Mixed pixel analysis for flood mapping using extended support vector machine

This paper addresses the challenges of flood mapping using multispectral images. Quantitative flood mapping is critical for flood damage assessment and management. Remote sensing images obtained from various satellite or airborne sensors provide valuable data for this application, from which the information on the extent of flood can be extracted. However the great challenge involved in the data interpretation is to achieve more reliable flood extent mapping including both the fully inundated areas and the 'wet' areas where trees and houses are partly covered by water. This is a typical combined pure pixel and mixed pixel problem. In this paper, an extended Support Vector Machines method for spectral unmixing developed recently has been applied to generate an integrated map showing both pure pixels (fully inundated areas) and mixed pixels (trees and houses partly covered by water). The outputs were compared with the conventional mean based linear spectral mixture model, and better performance was demonstrated with a subset of Landsat ETM+ data recorded at the Daly River Basin, NT, Australia, on 3rd March, 2008, after a flood event.

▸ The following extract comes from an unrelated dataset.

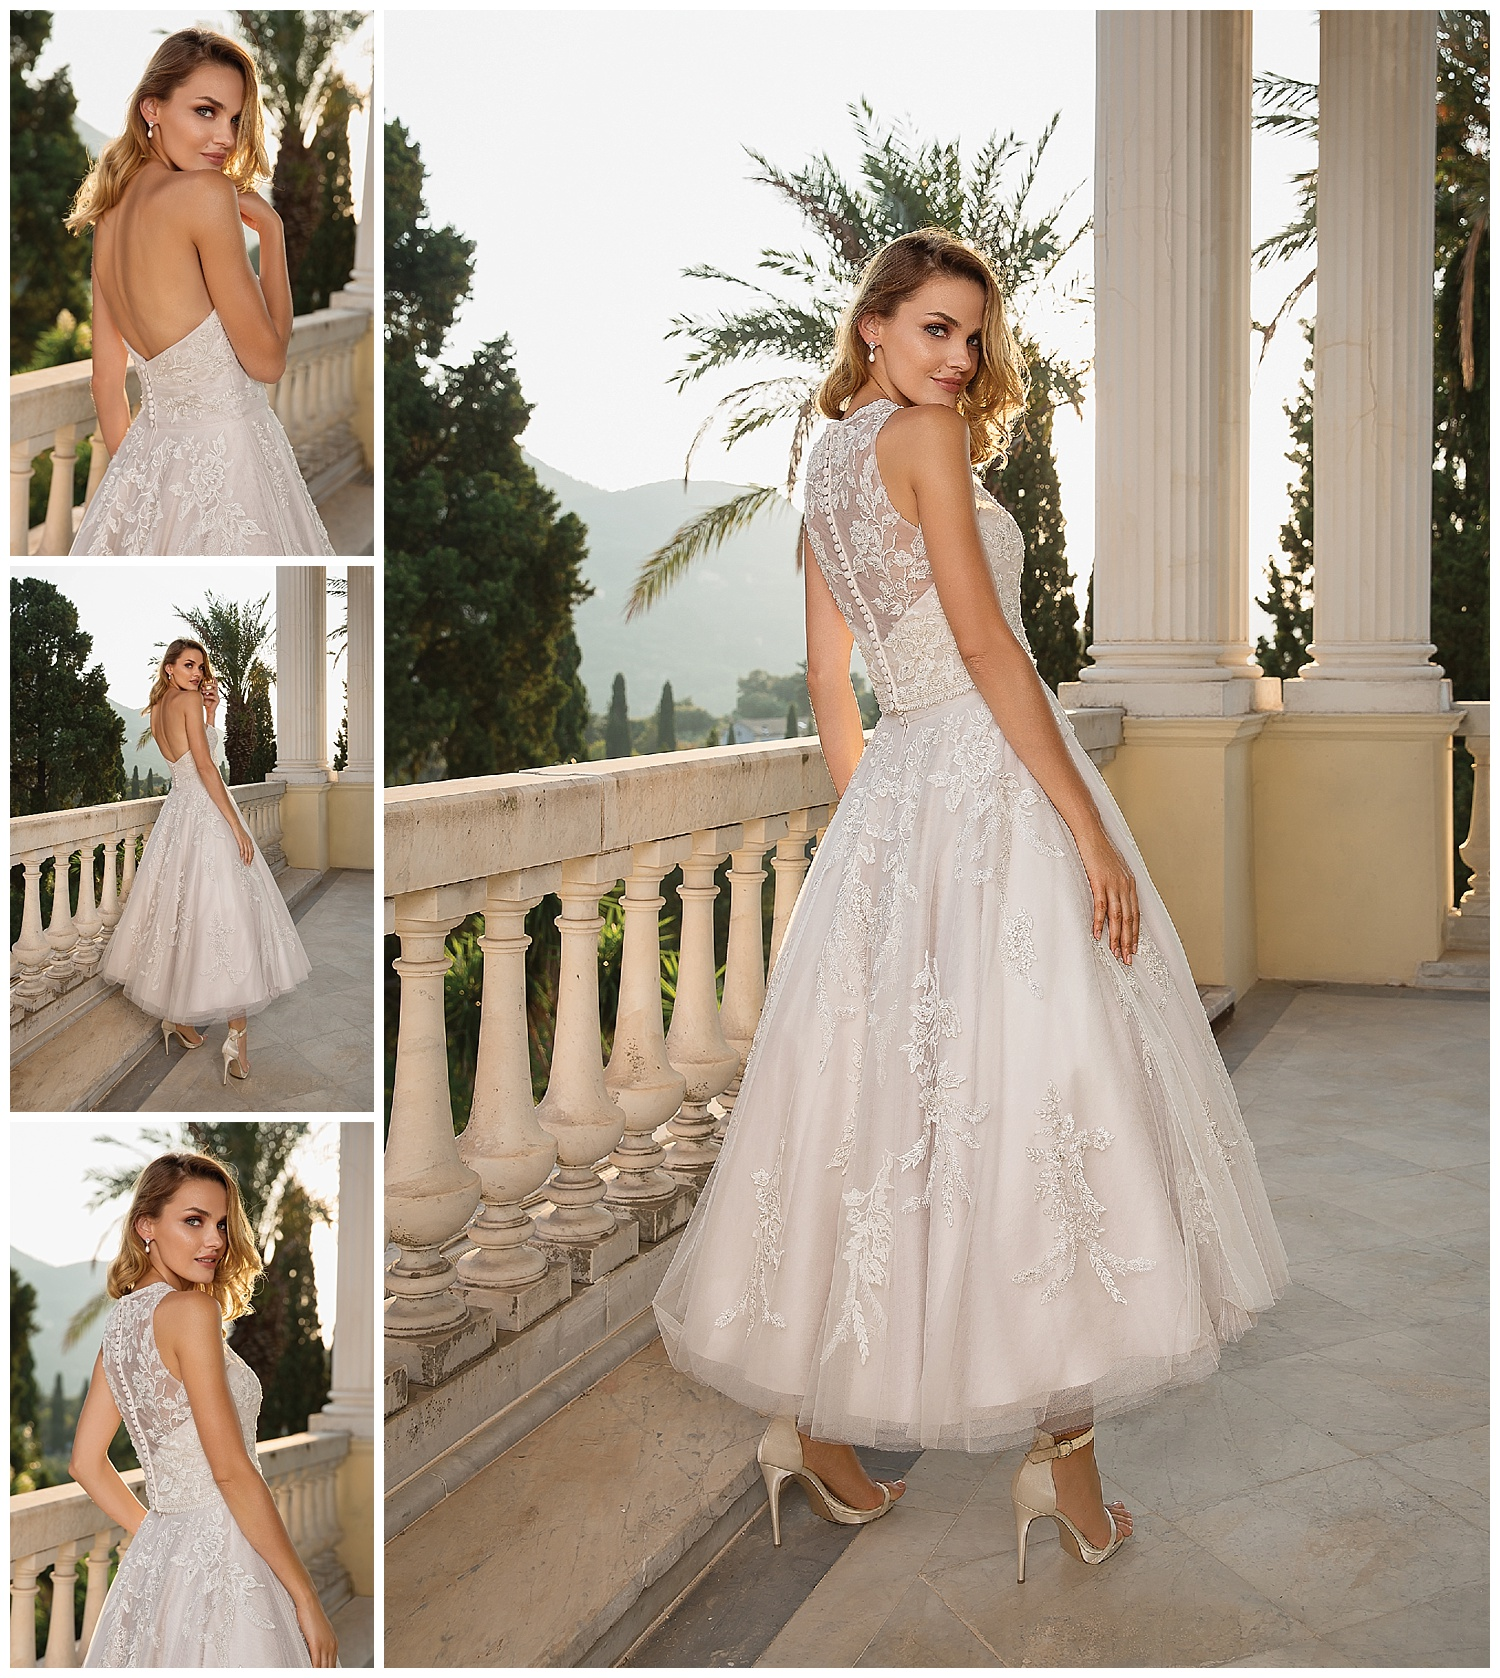 justin-alexander-88089-vintage-style-wedding-dress-epiphany-boutique-carmel-california.jpg

Spectral unmixing with estimated adaptive endmember index using Extended Support Vector Machine

The most difficult operation in the flood inundation mapping using optical flood images is to separate fully inundated areas from the ‘wet’ areas where trees and houses are partly covered by water. This can be referred as a typical problem the presence of mixed pixels in the images. A number of automatic information extraction image classification algorithms have been developed over the years for flood mapping using optical remote sensing images. Most classification algorithms generally, help in selecting a pixel in a particular class label with the greatest likelihood. However, these hard classification methods often fail to generate a reliable flood inundation mapping because the presence of mixed pixels in the images. To solve the mixed pixel problem advanced image processing techniques are adopted and Linear Spectral unmixing method is one of the most popular soft classification technique used for mixed pixel analysis. The good performance of linear spectral unmixing depends on two important issues, those are, the method of selecting endmembers and the method to model the endmembers for unmixing. This paper presents an improvement in the adaptive selection of endmember subset for each pixel in spectral unmixing method for reliable flood mapping. Using a fixed set of endmembers for spectral unmixing all pixels in an entire image might cause over estimation of the endmember spectra residing in a mixed pixel and hence cause reducing the performance level of spectral unmixing. Compared to this, application of estimated adaptive subset of endmembers for each pixel can decrease the residual error in unmixing results and provide a reliable output. In this current paper, it has also been proved that this proposed method can improve the accuracy of conventional linear unmixing methods and also easy to apply. Three different linear spectral unmixing methods were applied to test the improvement in unmixing results. Experiments were conducted in three different sets of Landsat-5 TM images of three different flood events in Australia to examine the method on different flooding conditions and achieved satisfactory outcomes in flood mapping.